Initial results

18 Sep 2009

After some false starts with mutations not being saved (I forgot that in Python, a list of lists needs to be explicitly copied), I finally got a program running using Pygame. Then I spent several hours watching an image of my cat (what else), slowly evolve. After a while I decided I wanted to experiment with changing the parameters for the program so I wanted a standard image for all my tests. I wanted to start with a grayscale image to keep things simple at first, but the cat picture was a bit too dark and indistinct. I decided on a famous photo of Charles Darwin, which seemed appropriate. I got a smallish (152 x 200 pixels) version to speed up computation.

Evolution of a cat in progress

Adding more circles

Below are two images evolved over ~150,000 generations; one image is made up of 128 circles, the other from 256 circles. The images are far from exact replicas of the original, though I think they are recognisably Darwin. To me, the images look a bit like impressionist reproductions of the original, and from a distance of 4-5m (or 40-50cm without my glasses), both images are almost indistinguishable from the original. The overall shape and shading of the evolved images is approximately right, while the details are missing. As you might expect, the image built from 256 circles has more details (specifically the eyes and nose) than the image built from 128 circles.

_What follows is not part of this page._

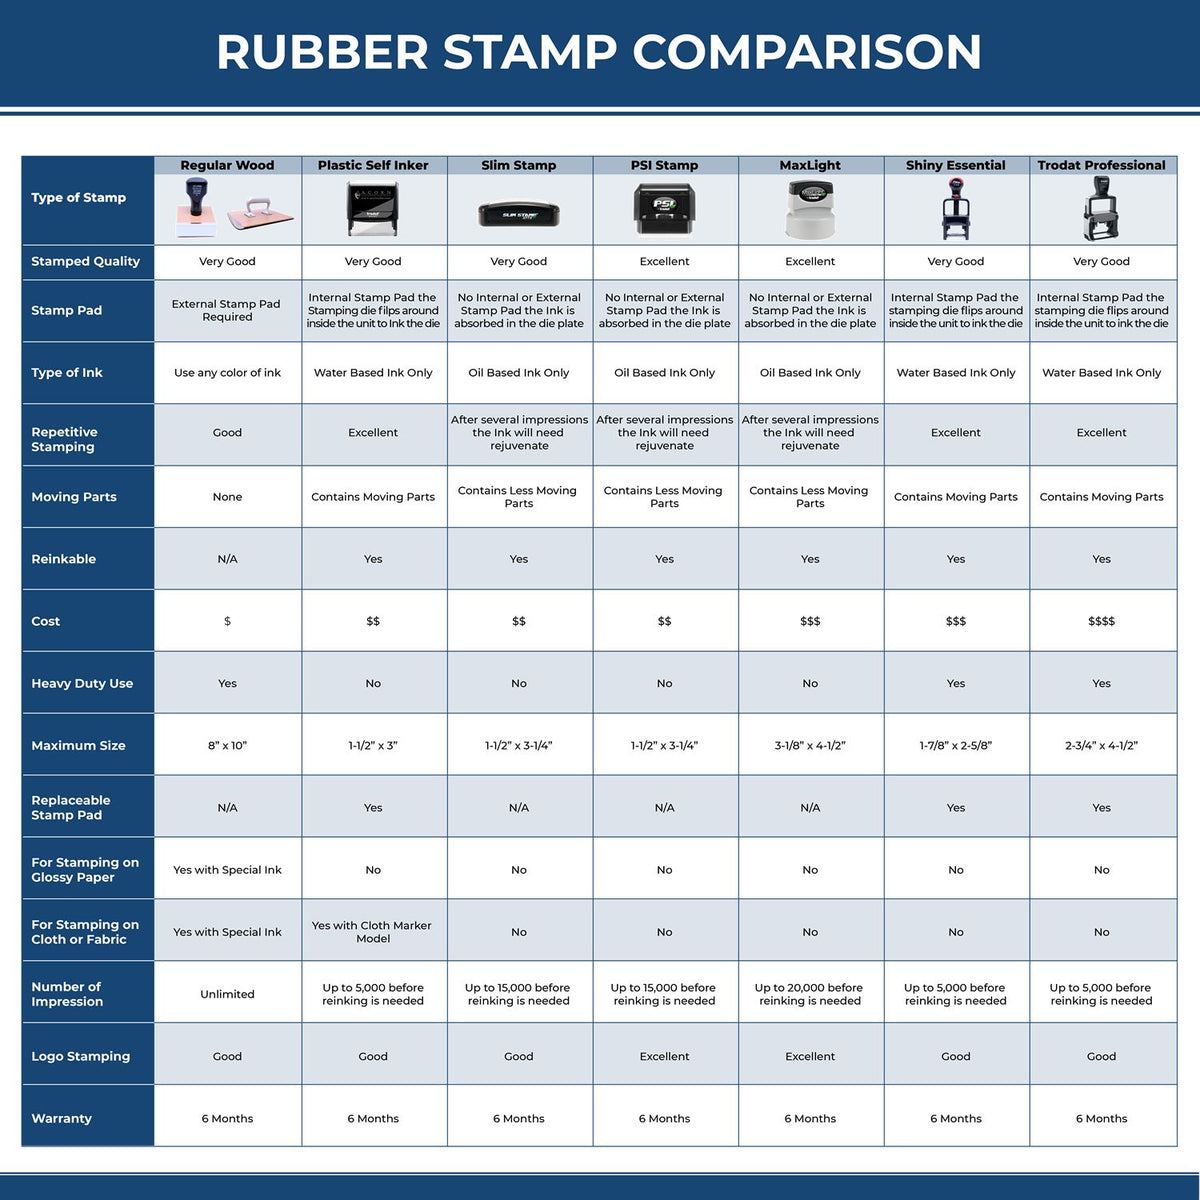 A comparison chart for the different types of mount models available for the Premium MaxLight Pre-Inked Illinois Landscape Architectural Stamp.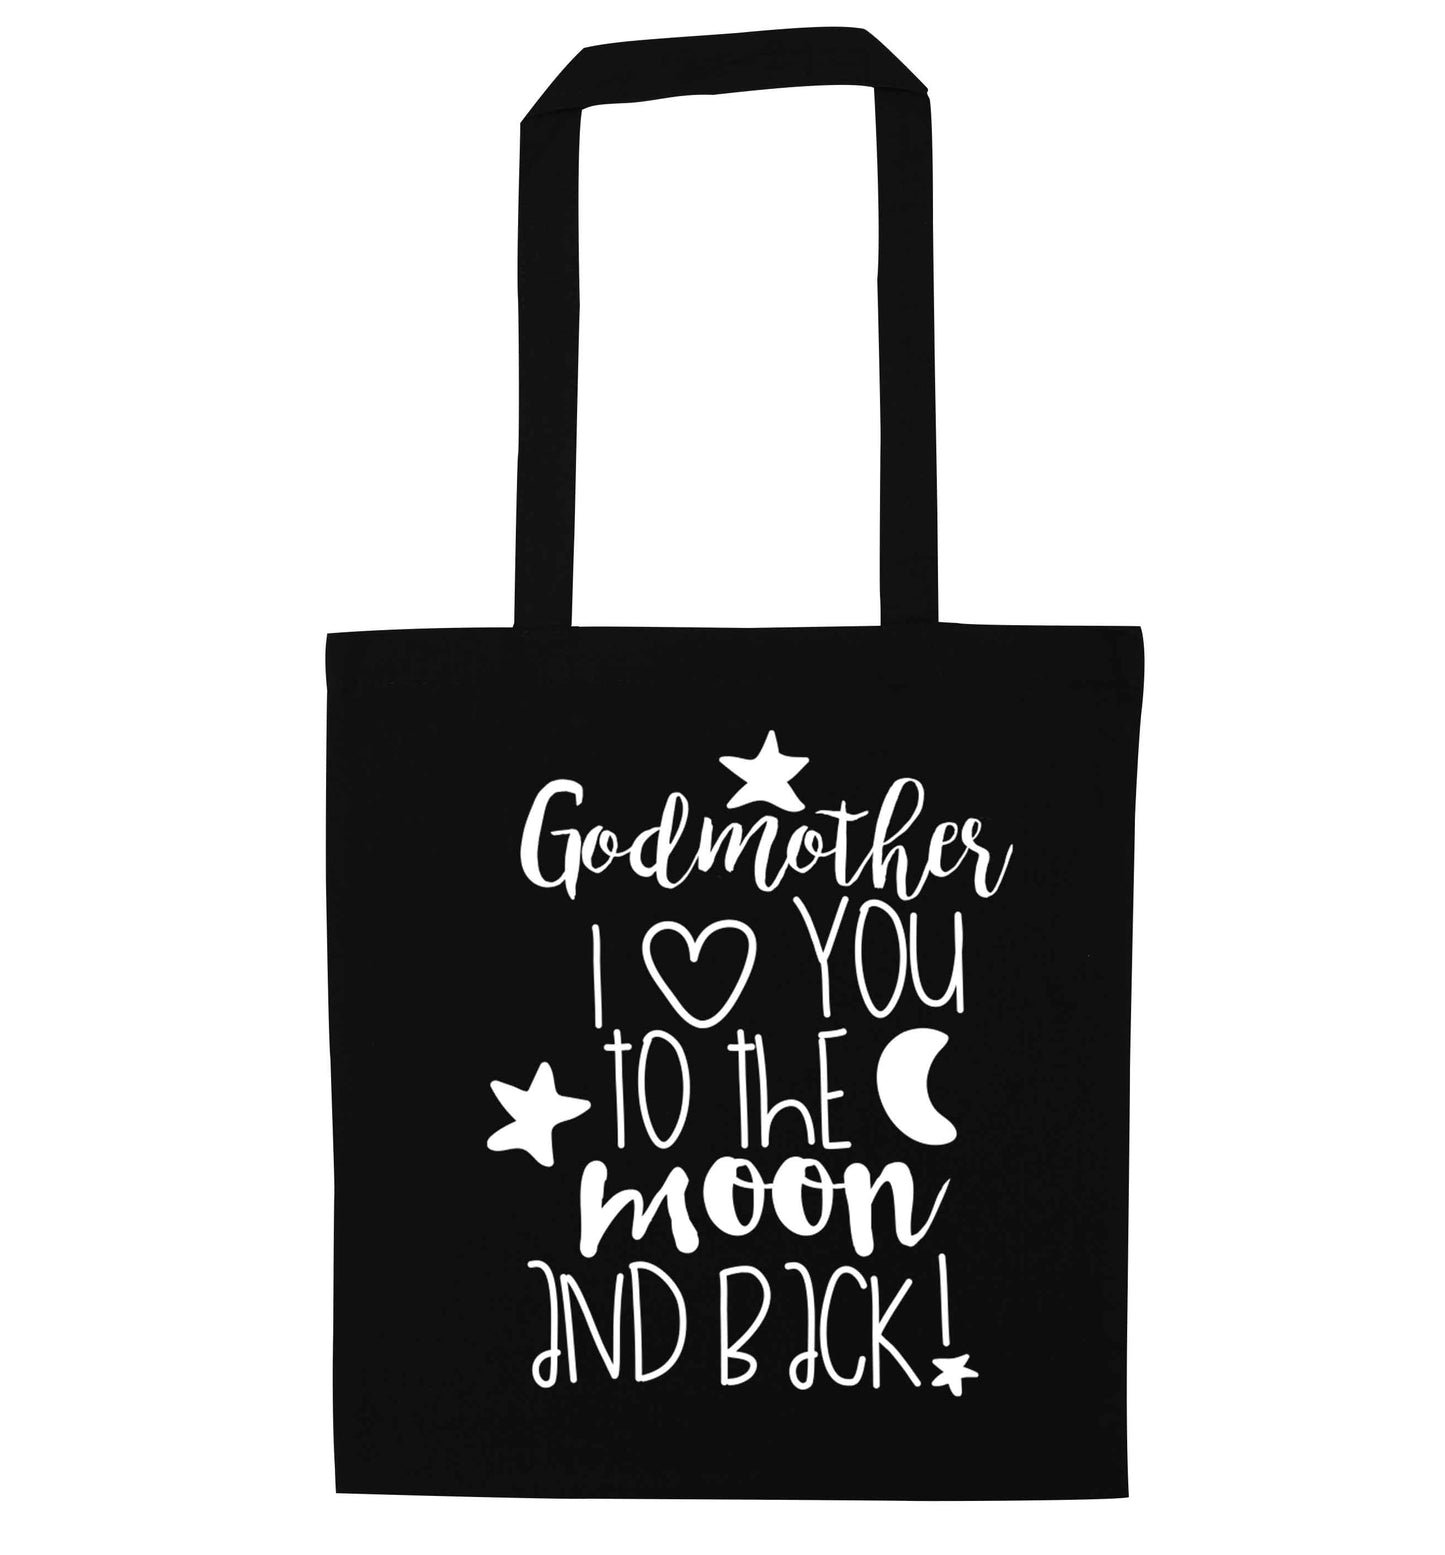 Godmother I love you to the moon and back black tote bag

Evolved images of Charles Darwin

Recording evolution

In the first runs through my evolutionary search for an approximation of Darwin, I had no way of saving the result. I later started to record every genome that was more successful that its predecessor. As a result I can re-run an evolution path at an accelerated rate. In one run of evolving 256 circles for ~150,000 generations, 3010 daughter genomes were 'fitter' (i.e. less distant from the image of Charles Darwin), than the preceding genome. I generated and saved the 3010 images corresponding to each of these genomes (luckily they are very small PNG files), then imported them into ImageJ as an Image Sequence. This created a huge stack of images, which I saved as a QuickTime movie, showing 24 images per second.

Comments (1)

Pierre on 3 Apr 2014, 7:26 p.m.

Love it!

Was inspired to improve on this. The problem with genetic algorithms is that they take forever to process since the search domain is not linear.

I tried reducing it to a tile-set and then find a good enough solution for each tile. Improved things pretty much I must say!